Joseph Paul Vorst (June 19, 1897 – October 15, 1947) was a German-American visual artist.

Biography
Vorst was born June 19, 1897 in Essen, Germany. He studied at the Folkwang Schule in Hagen before serving in World War I, from which he received a permanent limp. He studied art at the National Academy of Berlin with Max Lieberman and Max Slevogt, and was baptized a member of the Church of Jesus Christ of Latter-day Saints in 1924. He emigrated to the U.S. in 1930,  settling in Missouri near his cousins in Ste. Genevieve. He married Lina Weller on June 15, 1935 in St. Louis, Missouri. In the 1930s Vorst was associated with the Ste. Genevieve Art Colony in Ste. Genevieve, Missouri.

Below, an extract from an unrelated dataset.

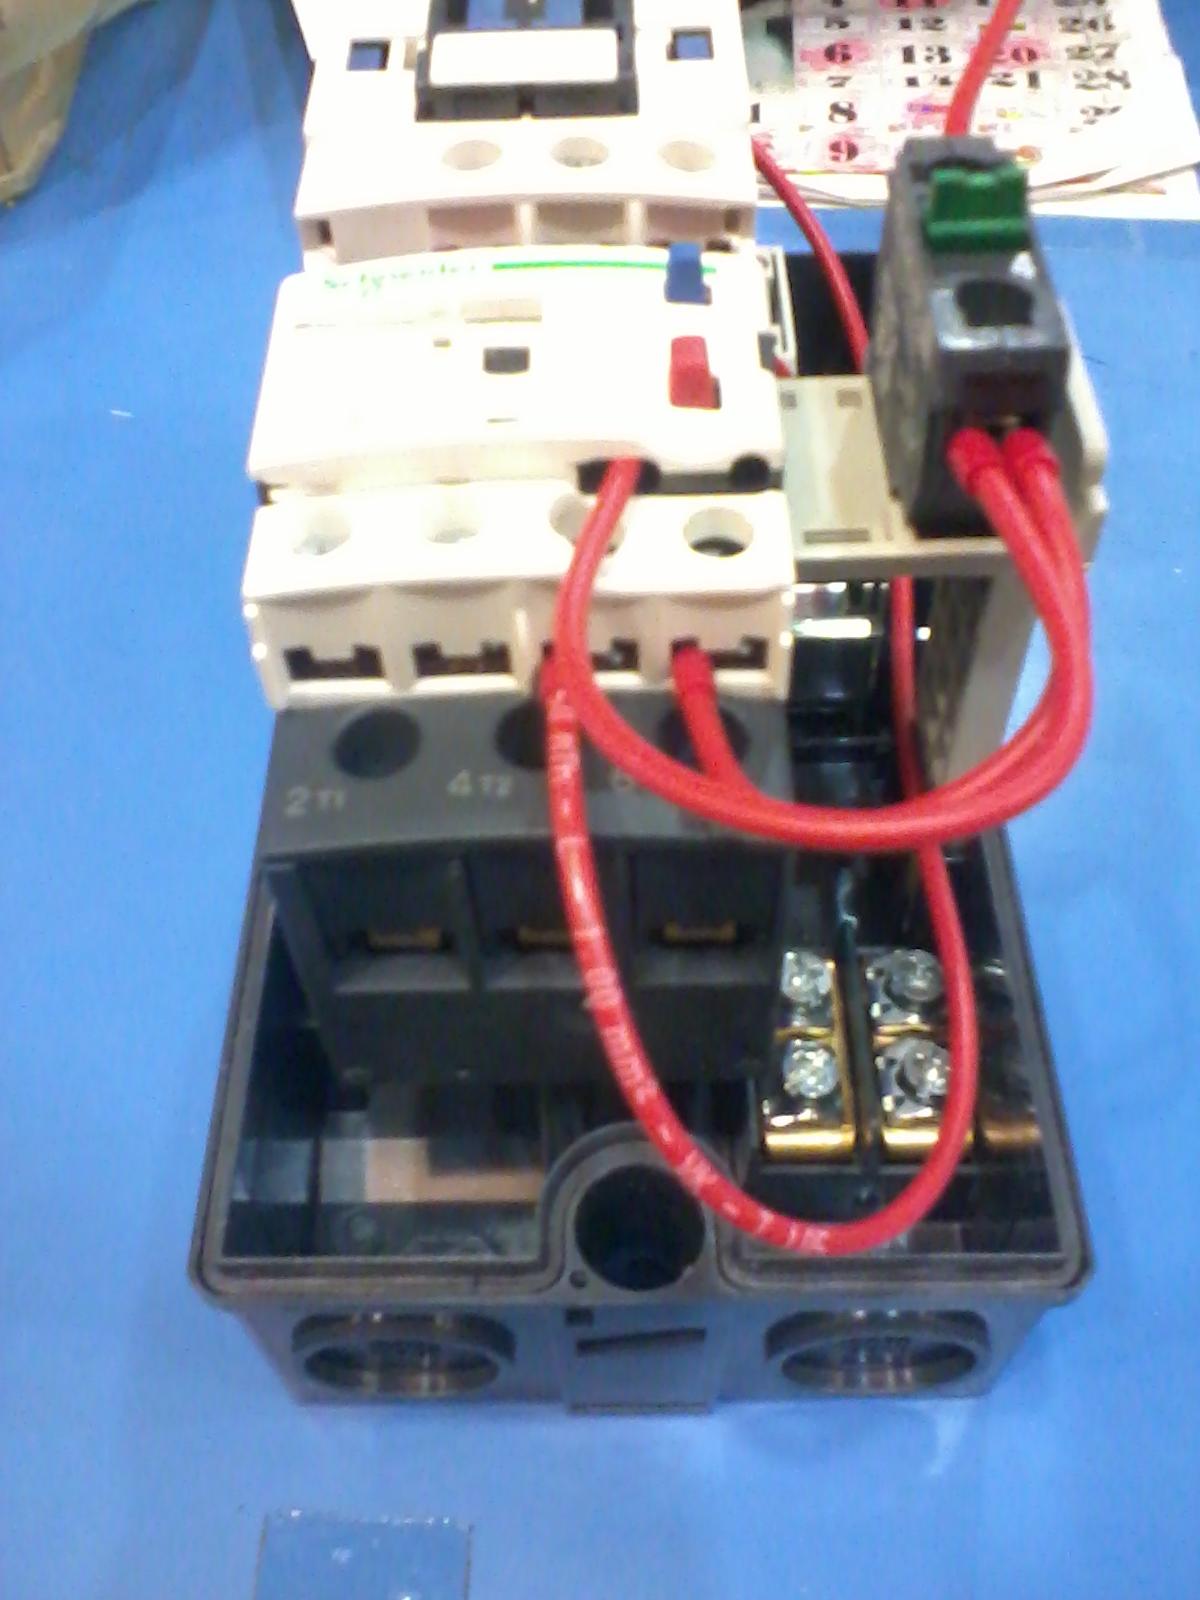 Dol Starter Circuit Diagram 2000 Ford F250 Alternator Wiring Vinca 39s Blog
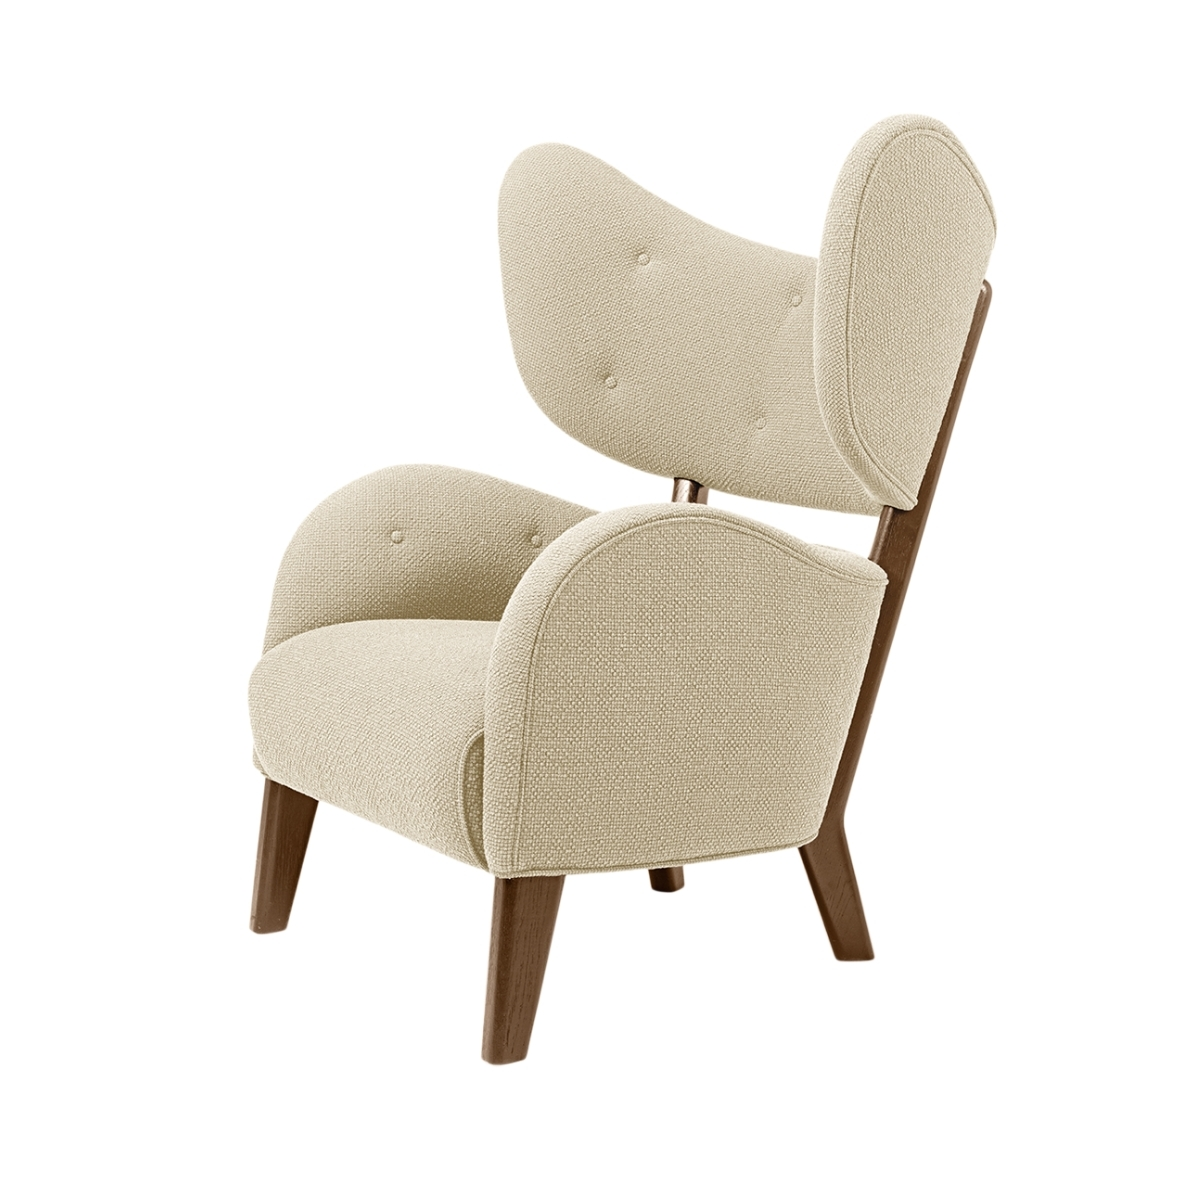 By Lassen | My Own Chair - Sahco Zero - Bolighuset Werenberg

He taught art in St. Louis and did much public work for New Deal art projects during the Great Depression. Among other locations Vorst was art director at Jefferson College. According to an article on him in the LDS Improvement Era written by William Mulder he assisted full-time LDS missionaries in St. Louis extensively in sharing the gospel with more people.

He exhibited his work in both the Deseret Gym art room and the Springville Art Museum. An exhibition featuring his life  and work was hosted by the LDS Church History Museum in 2017/2018 in Salt Lake City, UT.

Vorst died in Overland, Missouri on October 15, 1947.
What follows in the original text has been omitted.